**Your instructions:**
Transcribe the listing below word for word but skip its images.

**Data segment:**
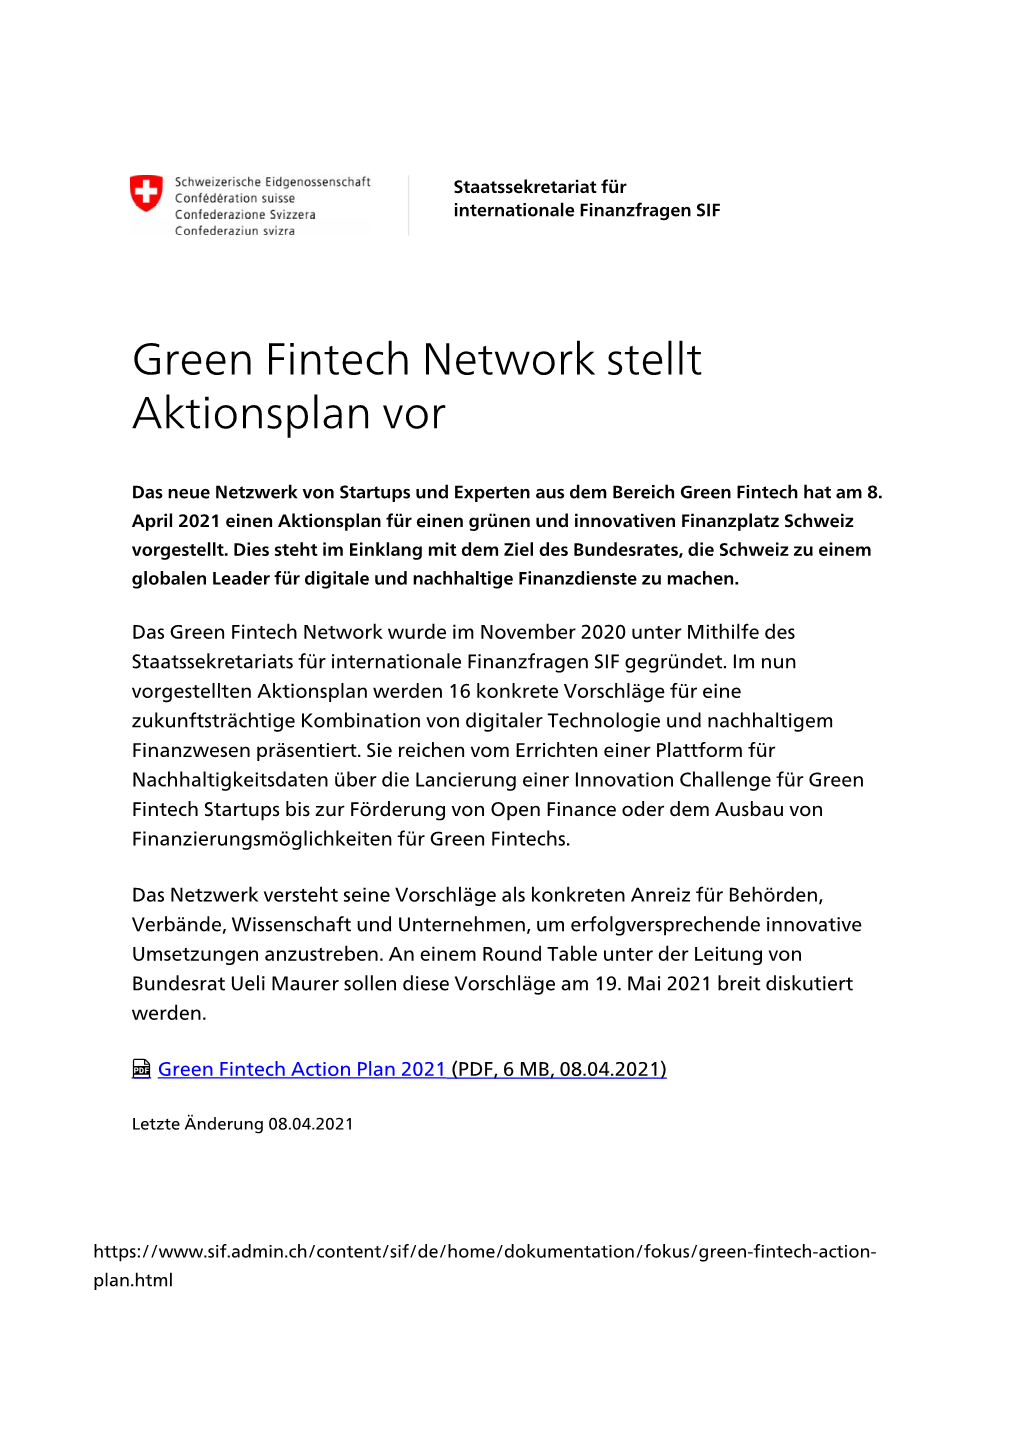 Green Fintech Network Stellt Aktionsplan Vor
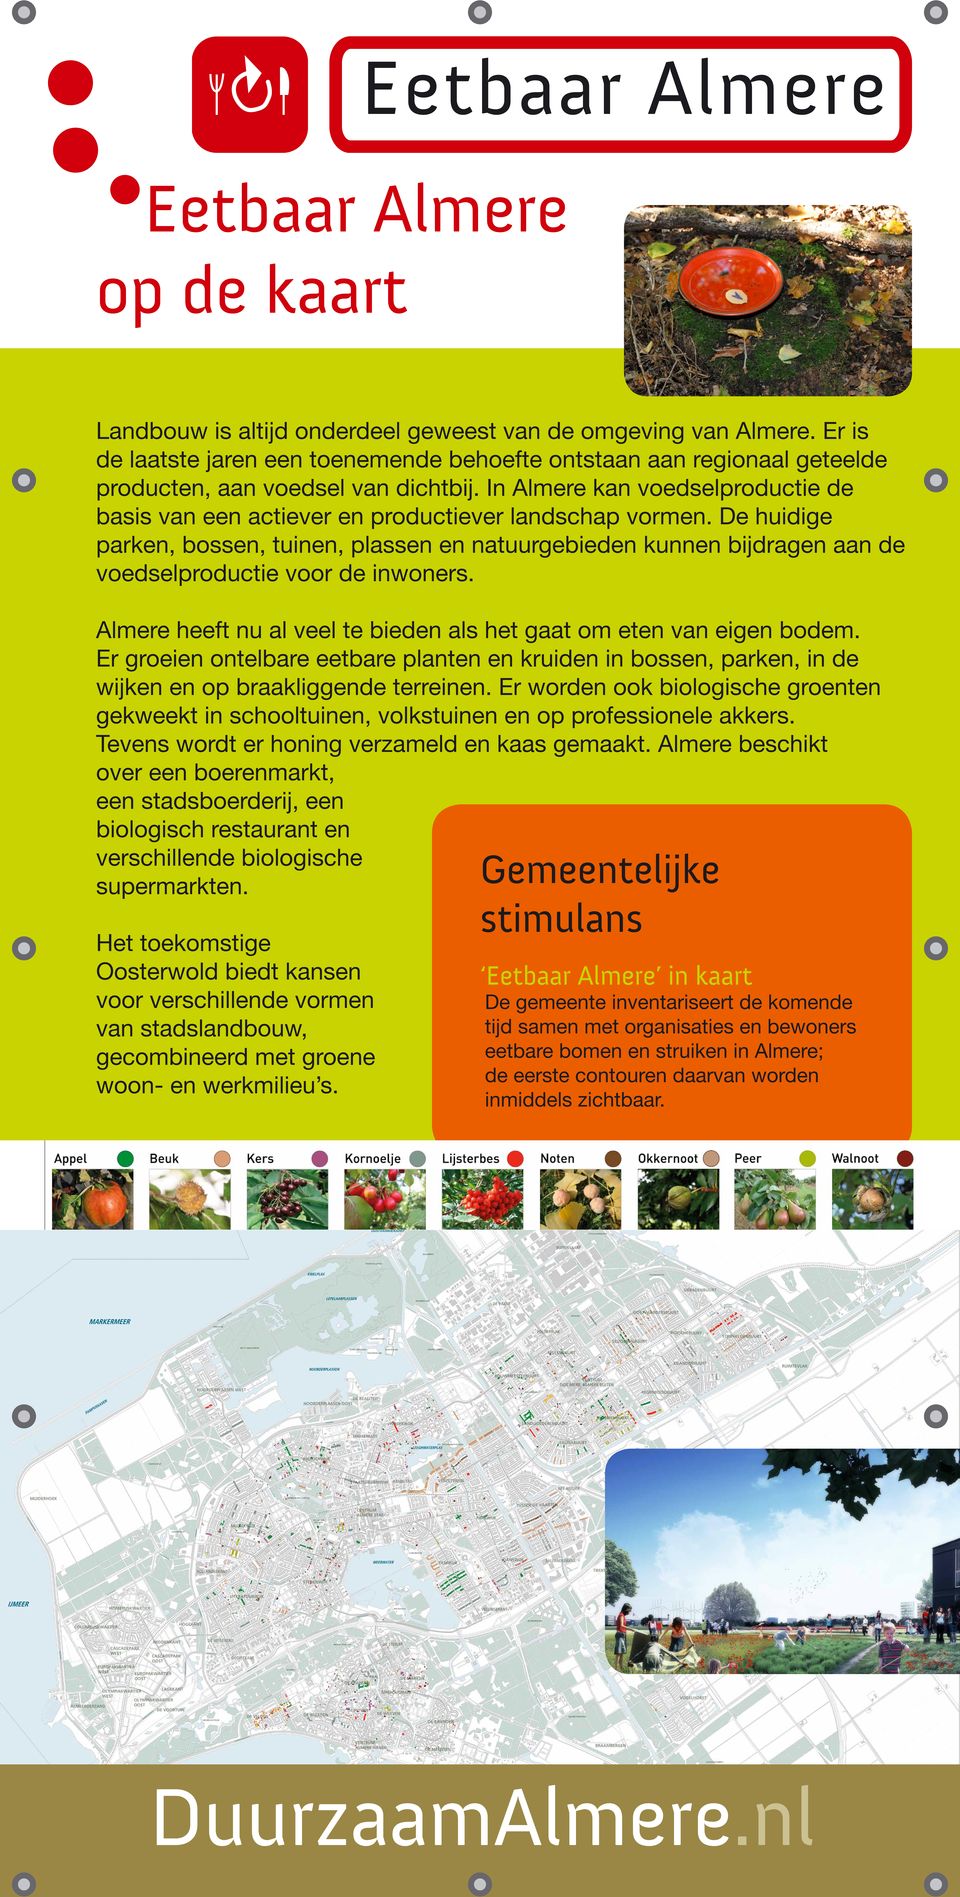 De huidige parken, bossen, tuinen, plassen en natuurgebieden kunnen bijdragen aan de voedselproductie voor de inwoners. Almere heeft nu al veel te bieden als het gaat om eten van eigen bodem.
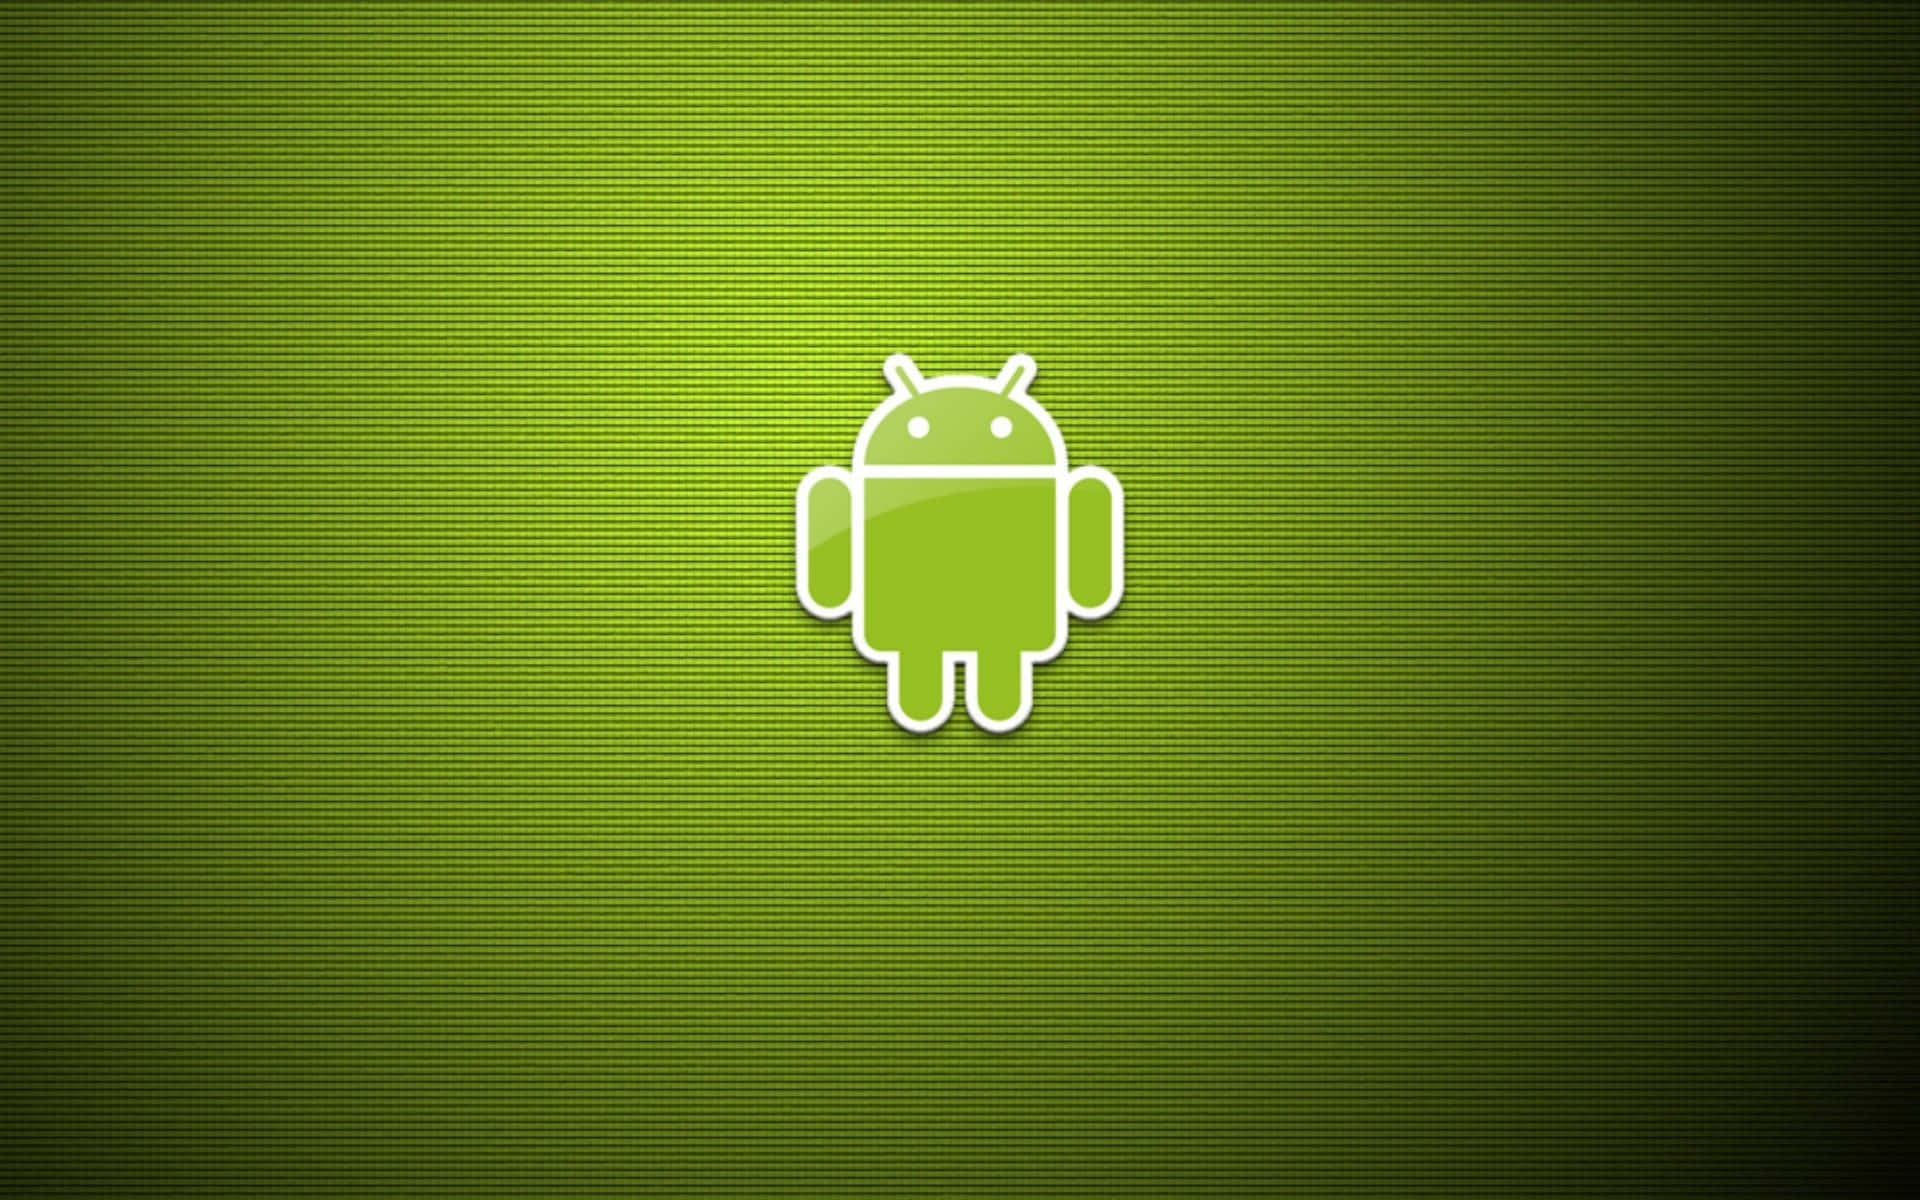 Androidbakgrundsbilder, Hd Bakgrundsbilder, Hd Bakgrundsbilder.

**Written answer:**
 Green Fintech Network Stellt Aktionsplan Vor
 De huidige parken, bossen, tuinen, plassen en natuurgebieden kunnen bijdragen aan de voedselproductie voor de inwoners. Almere heeft nu al veel te bieden als het gaat om eten van eigen bodem.
 Androidbakgrundsbilder, Hd Bakgrundsbilder, Hd Bakgrundsbilder.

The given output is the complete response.